– Взгляните на меня, – он резко и с болезненной страстностью оборотился ко мне, – я нищ! Я молод и полон планов! Но я в заточении, в заточении нищеты!

Он судорожно перевёл дыхание и приложил ладонь к влажному от испарины лбу.

– Одно ваше слово, третья карта и – я свободен! Я уеду отсюда навсегда… Уеду в Париж! Как я хочу в Париж! Там свободные люди, среди них и я стану свободен. Быть может, там я встречу девушку, такую, которую вовек здесь не встречу! Мы будем путешествовать, увидим другие страны, встретим других людей и будем счастливы своей свободой! Одно только ваше слово!

«Однако ж какая странная у меня ночь! – подумалось мне. – Вовсе не так предполагал я провести её. Почему-то согласился приехать сюда. Предполагал привести в чувства старуху, а тут безумцами полон дом!» Позднее время да больше нелепость происходящего не давали мне собрать мысли воедино. «Так-так, с чего он взял, что я знаю третью карту? Надо, чтобы он высказался, и тогда я смогу понять логику его вздора… а поняв, найду возможность направить его мысли в нужное мне русло».

– Да с чего вы взяли, что я знаю третью карту?! – воскликнул я, как можно более непринуждённо. Paul замолчал и склонил голову, как провинившийся студент. Пробор в гладко зачёсанных волосах белел, напоминая косой шрам. Томский медленно достал из-за отворота револьвер:

– Зачем вы так быстро отвечаете? Вы верно знаете карту! Молодой помещик держал пистолет крайне неловко, видно, в первый раз. Двумя большими пальцами он с усилием оттянул тугой курок. Улыбнувшись своему успеху, словно дитя, слепившее песочный куличек, он навёл револьвер на меня.

– И не вздумайте умереть, чтобы явиться ко мне потом старухой! Назначьте карту, доктор!

– …Господин Томский, – я прокашлялся, голос мой странным образом задрожал, мысли пришли в полное смятение, – послушайте, всё это нелепость и полный вздор!

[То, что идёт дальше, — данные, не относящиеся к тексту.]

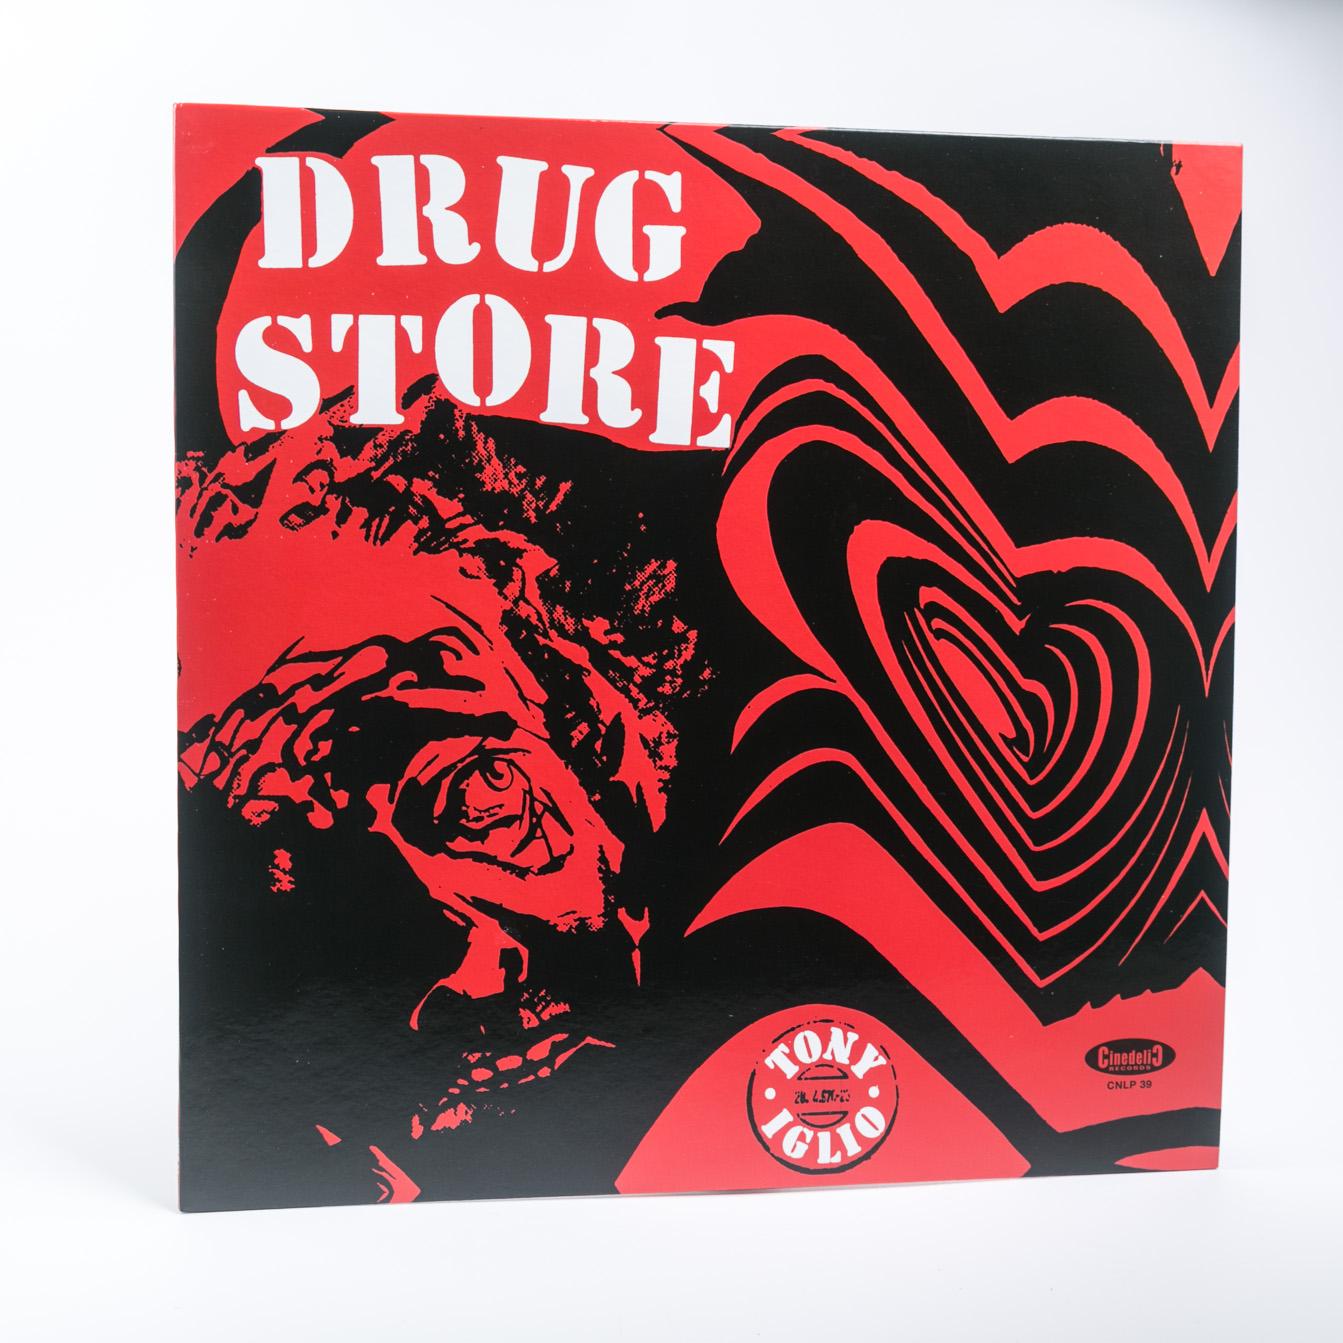 Drugstore LP (Black vinyl) + CD

Я здесь по вашей же просьбе осмотреть графиню… Вашу тётушку… Я врач, ни о какой карте мне ничего не известно. Я случайно догадался!

– Случайно? – он моргнул. Пистолет дёрнулся. Я невольно зажмурился.

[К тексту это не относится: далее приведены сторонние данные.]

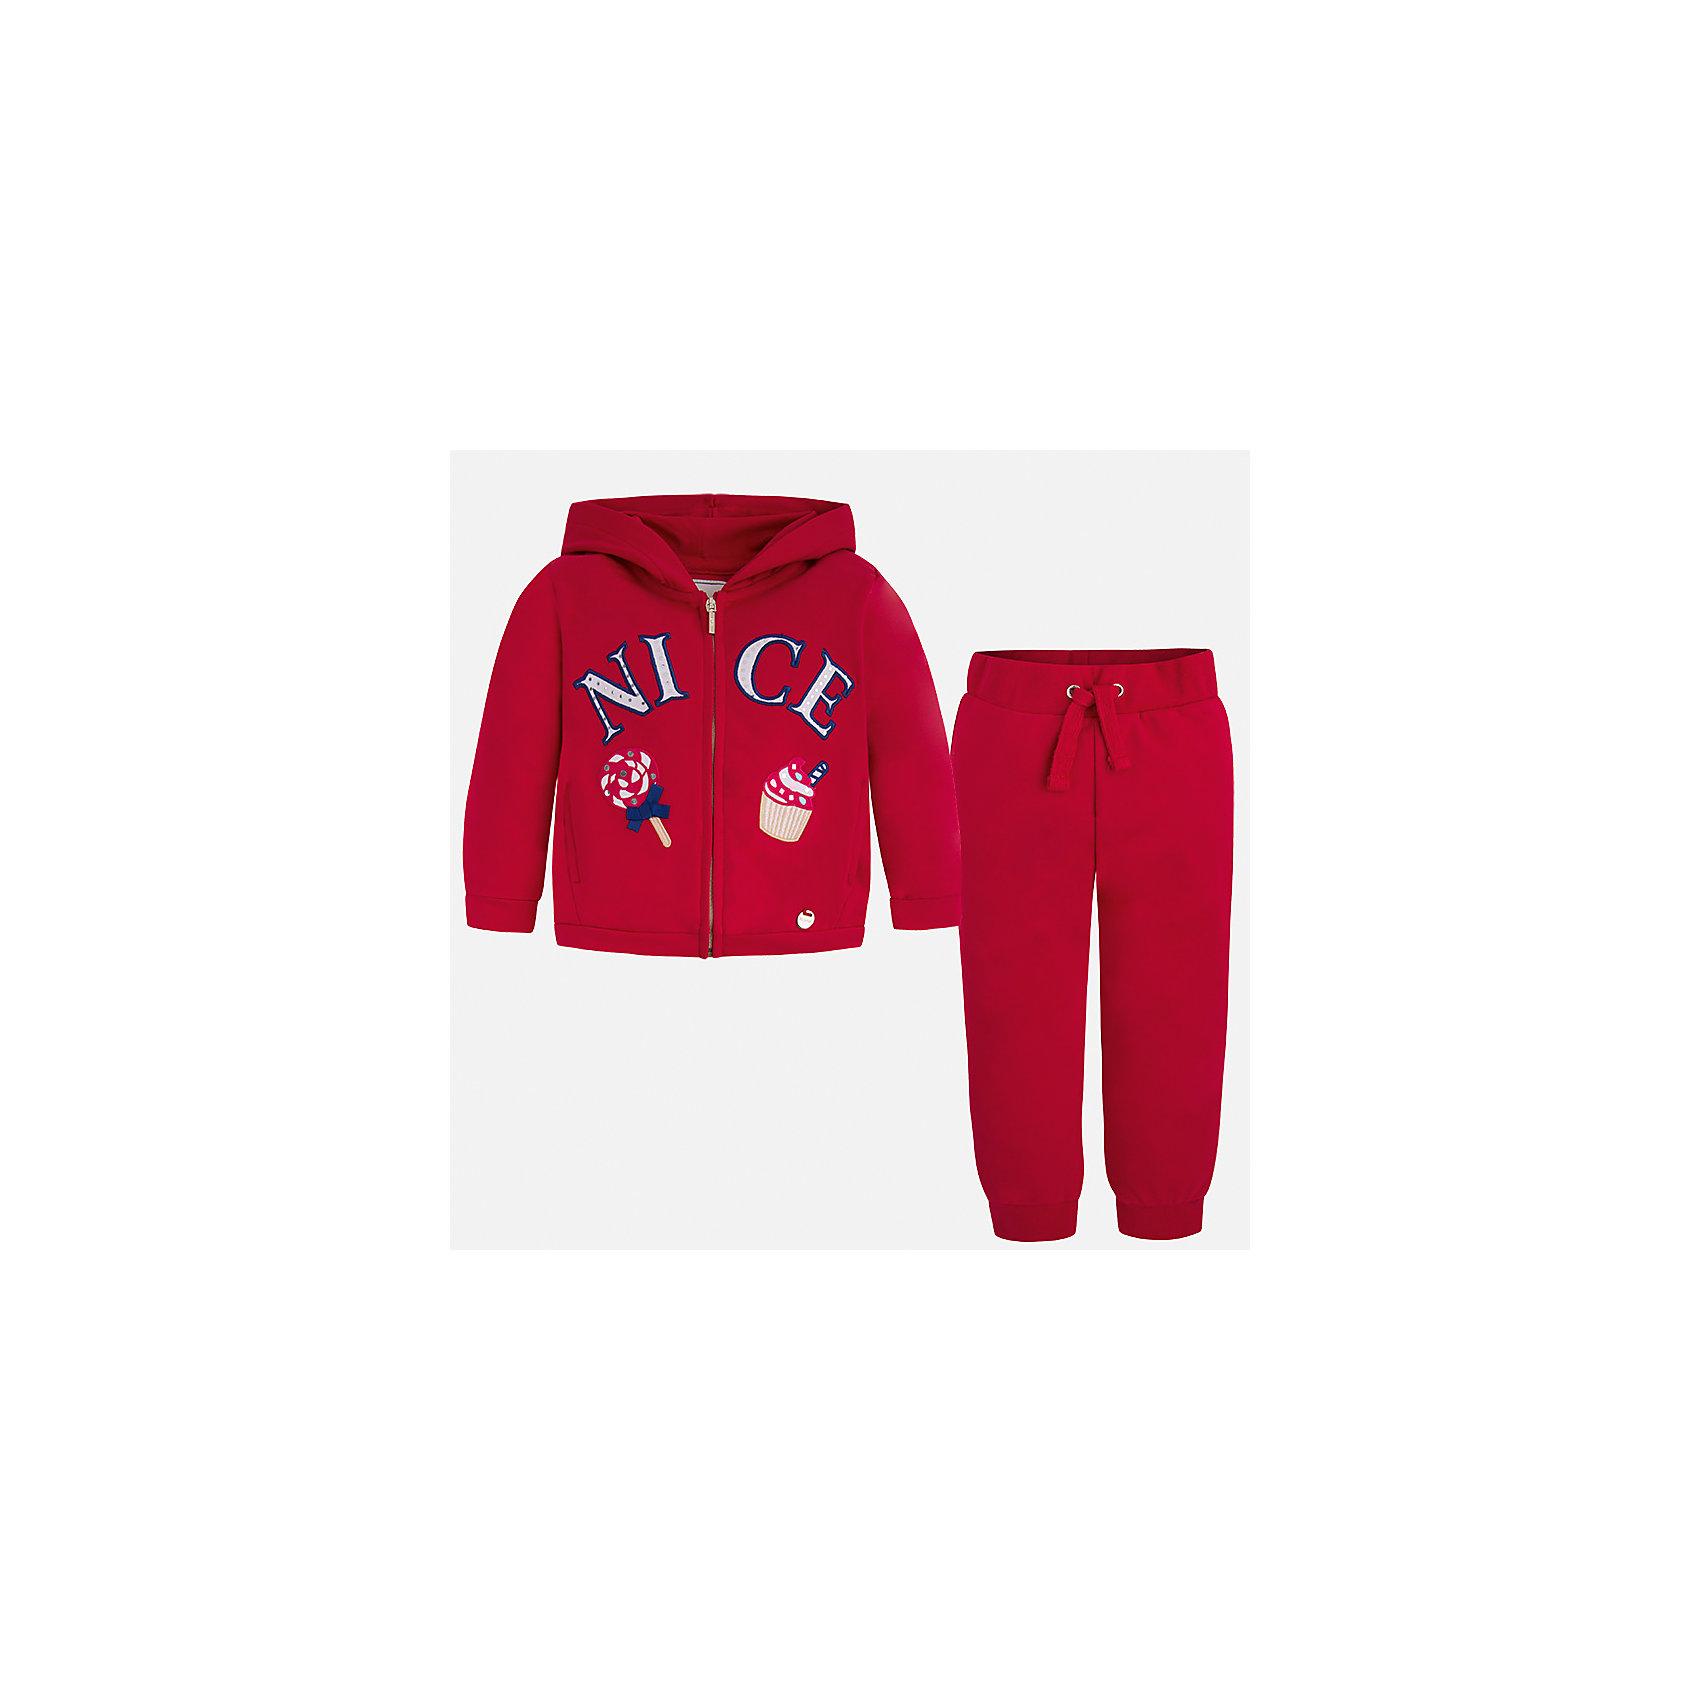 Спортивный костюм для девочки MayoralКомплекты<br>Характеристики товара:<br><br>• цвет: красный<br>• состав: 58% хлопок, 39% полиэстер, 3% эластан<br>• комплектация: курточка, штаны<br>• куртка декорирована принтом<br>• карманы<br>• капюшон<br>• штаны однотонные<br>• пояс на шнурке<br>• манжеты<br>• страна бренда: Испания<br><br>Стильный качественный спортивный костюм для девочки поможет разнообразить гардероб ребенка и удобно одеться в теплую погоду. Курточка и штаны отлично сочетаются с другими предметами. Универсальный цвет позволяет подобрать к вещам верхнюю одежду практически любой расцветки. Интересная отделка модели делает её нарядной и оригинальной. В составе материала - натуральный хлопок, гипоаллергенный, приятный на ощупь, дышащий.<br><br>Одежда, обувь и аксессуары от испанского бренда Mayoral полюбились детям и взрослым по всему миру. Модели этой марки - стильные и удобные. Для их производства используются только безопасные, качественные материалы и фурнитура. Порадуйте ребенка модными и красивыми вещами от Mayoral! <br><br>Спортивный костюм для девочки от испанского бренда Mayoral (Майорал) можно купить в нашем интернет-магазине.<br><br>Ширина мм: 247<br>Глубина мм: 16<br>Высота мм: 140<br>Вес г: 225<br>Цвет: красный<br>Возраст от месяцев: 18<br>Возраст до месяцев: 24<br>Пол: Женский<br>Возраст: Детский<br>Размер: 92,134,98,104,110,116,122,128<br>SKU: 5290851

– Нет, дорогой доктор, не случайно. Вы прекрасно знаете, что ничто не бывает случайным: если кто-то заболевает туберкулёзом, то ничто, никакой случай не отвратит его кончины. Вопрос лишь в сроке: кто-то раньше, кто-то позже, но все отправляются в мир иной. Всё движется по заведённому порядку. Нет ничего случайного и в том, что я здесь, и в том, что вы здесь. И если я нажму курок, значит, вы не случайно согласились приехать сюда. Значит, вы стремитесь к смерти. Если я не нажму курок, значит, вы наверное, знаете карту. Значит, вы мне её назовёте.

Он снова моргнул и продолжил;

– Японцы говорят, что жизнь – это дорога. Дорога, которая петляет и вдруг выводит тебя на развилку. Не задумываясь повернуть налево или направо, ты идёшь дальше, упустив, что у тебя есть выбор. Тебя ведёт рок, фатум, судьба! Вот вы, Евгений Сергеевич, сейчас на развилке, а я – фатум, делаю одолжение, позволяя вам выбирать: свернуть влево или вправо.

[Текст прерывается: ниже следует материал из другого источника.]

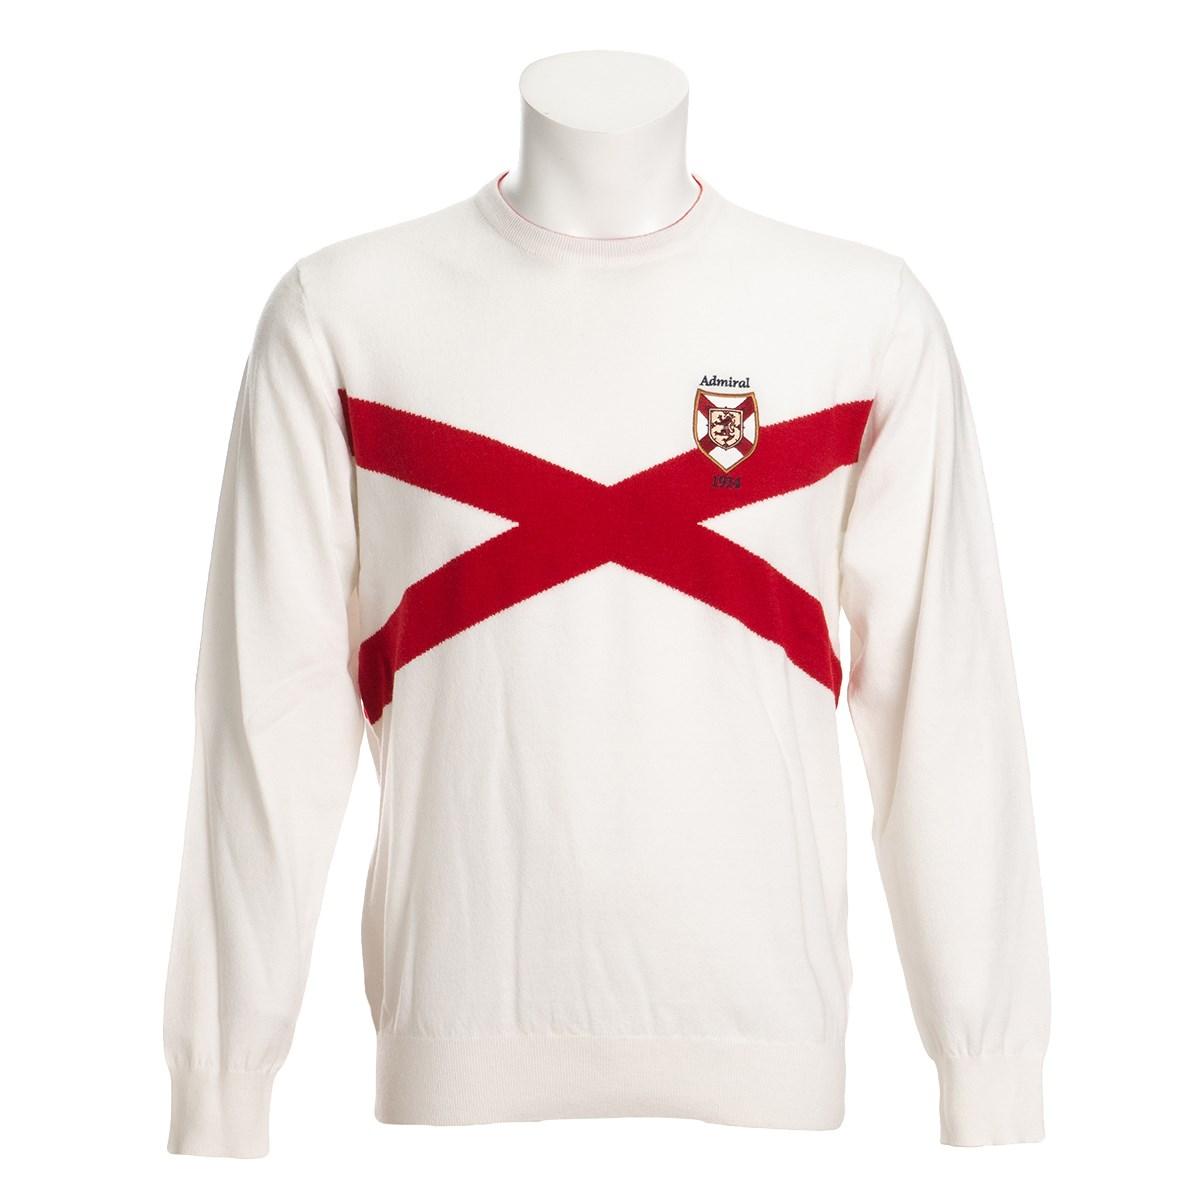 アドミラル アイルランドクロス ストレッチクルーネックセーター

Сумрак скрадывал черты его лица, но требовательный и торжествующий взор блестел и впивался в меня, требуя ответа. Нет ничего более странного, чем смотреть в чёрный зрачок револьверного дула. Видеть тусклый блеск металла, мысленно видеть, как под сверлом мастера стальная заготовка превращается в ствол; как для смертоносного вращения пули седой оружейник неторопливо вытачивает спираль нарезок на внутренней зеркальной поверхности; как ладно подогнанные его натруженной рукой казённая часть, ствол и деревянная тёплая рукоять мгновенно складываются в то, что сейчас смотрит мне прямо в лицо; видеть и отказываться верить, что смерть придёт через мгновенье, придёт со вспышкой пламени и запахом порохового дыма.